The Ebola outbreak took place amid a historic transformation in global health governance. This landscape has become increasingly crowded, with a growing array of governments, NGOs, private foundations, multinational corporations, public-private partnerships, and international organizations partaking in public health–related activities. The most important global health institutions—such as the Gates Foundation, the Global Fund, and Gavi—account for a growing proportion of development assistance for health. These younger, more agile institutions far outspend the WHO, which has been compelled to maintain a policy of zero nominal budgetary growth since the early 1990s.

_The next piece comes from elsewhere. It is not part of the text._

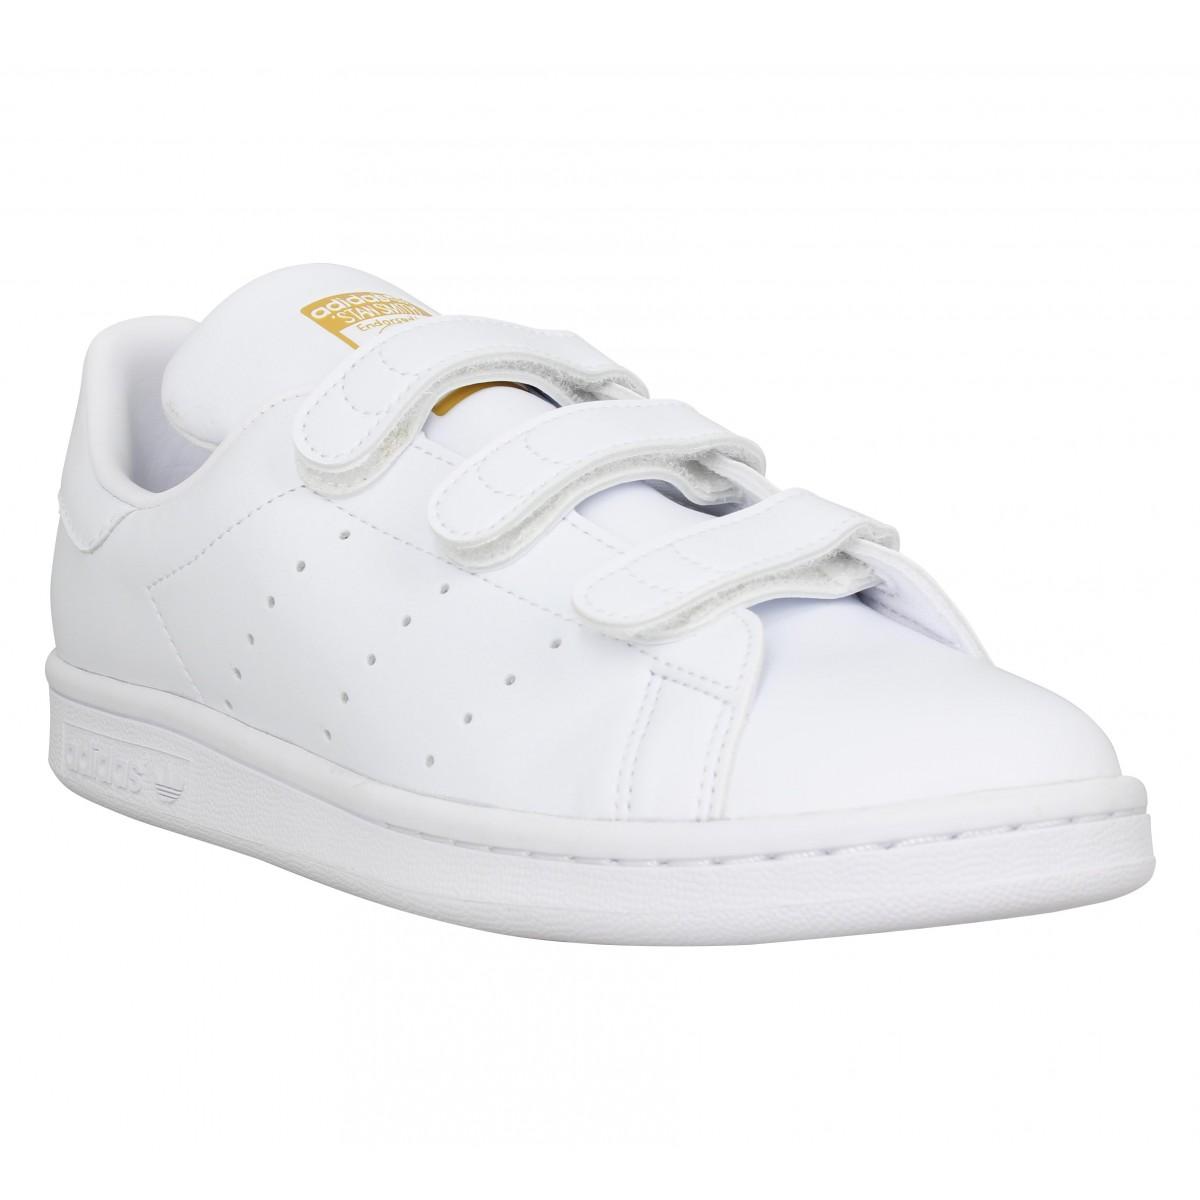 Adidas Marque Stan Smith Velcro Vegan...

Ebola was a crisis that demanded urgent action. But these longer-term trends—a dwindling budget in real terms, an ever-expanding agenda, and the emergence of specialized competitors—point to a broader existential crisis for the World Health Organization.

The WHO has a central role to play in outbreak and emergency response. To achieve its potential, however, the WHO must focus on those areas where it alone can add value: coordinating responses to international health emergencies, issuing technical guidance, setting standards, forging partnerships to mobilize resources, coordinating research and development, and building strong public health systems in developing countries. Despite its initially lethargic response, the WHO proved essential to ramping up clinical testing and rapid dissemination of an Ebola vaccine. As scientists around the world scurry to study Zika and, hopefully, deliver a vaccine, the WHO should play a central role in coordinating research and mobilizing resources.

To be clear, Zika is not Ebola, as Chatham House’s Michael Edelstein and Brian McCloskey aptly note. However, barring implementation of the abovementioned reforms, the institutional deficiencies that hindered the WHO’s response to the Ebola outbreak will persist in the fight against Zika and future outbreaks—with equally tragic effect.

The WHO’s deficiencies are well-documented, but the remedies are clear. The only missing ingredient is the political will to implement them. If Zika has a silver lining, it may well be that this outbreak has added fuel to the dwindling political momentum for WHO reform. For the good of global health, leaders must enact these reforms before that fuel is spent.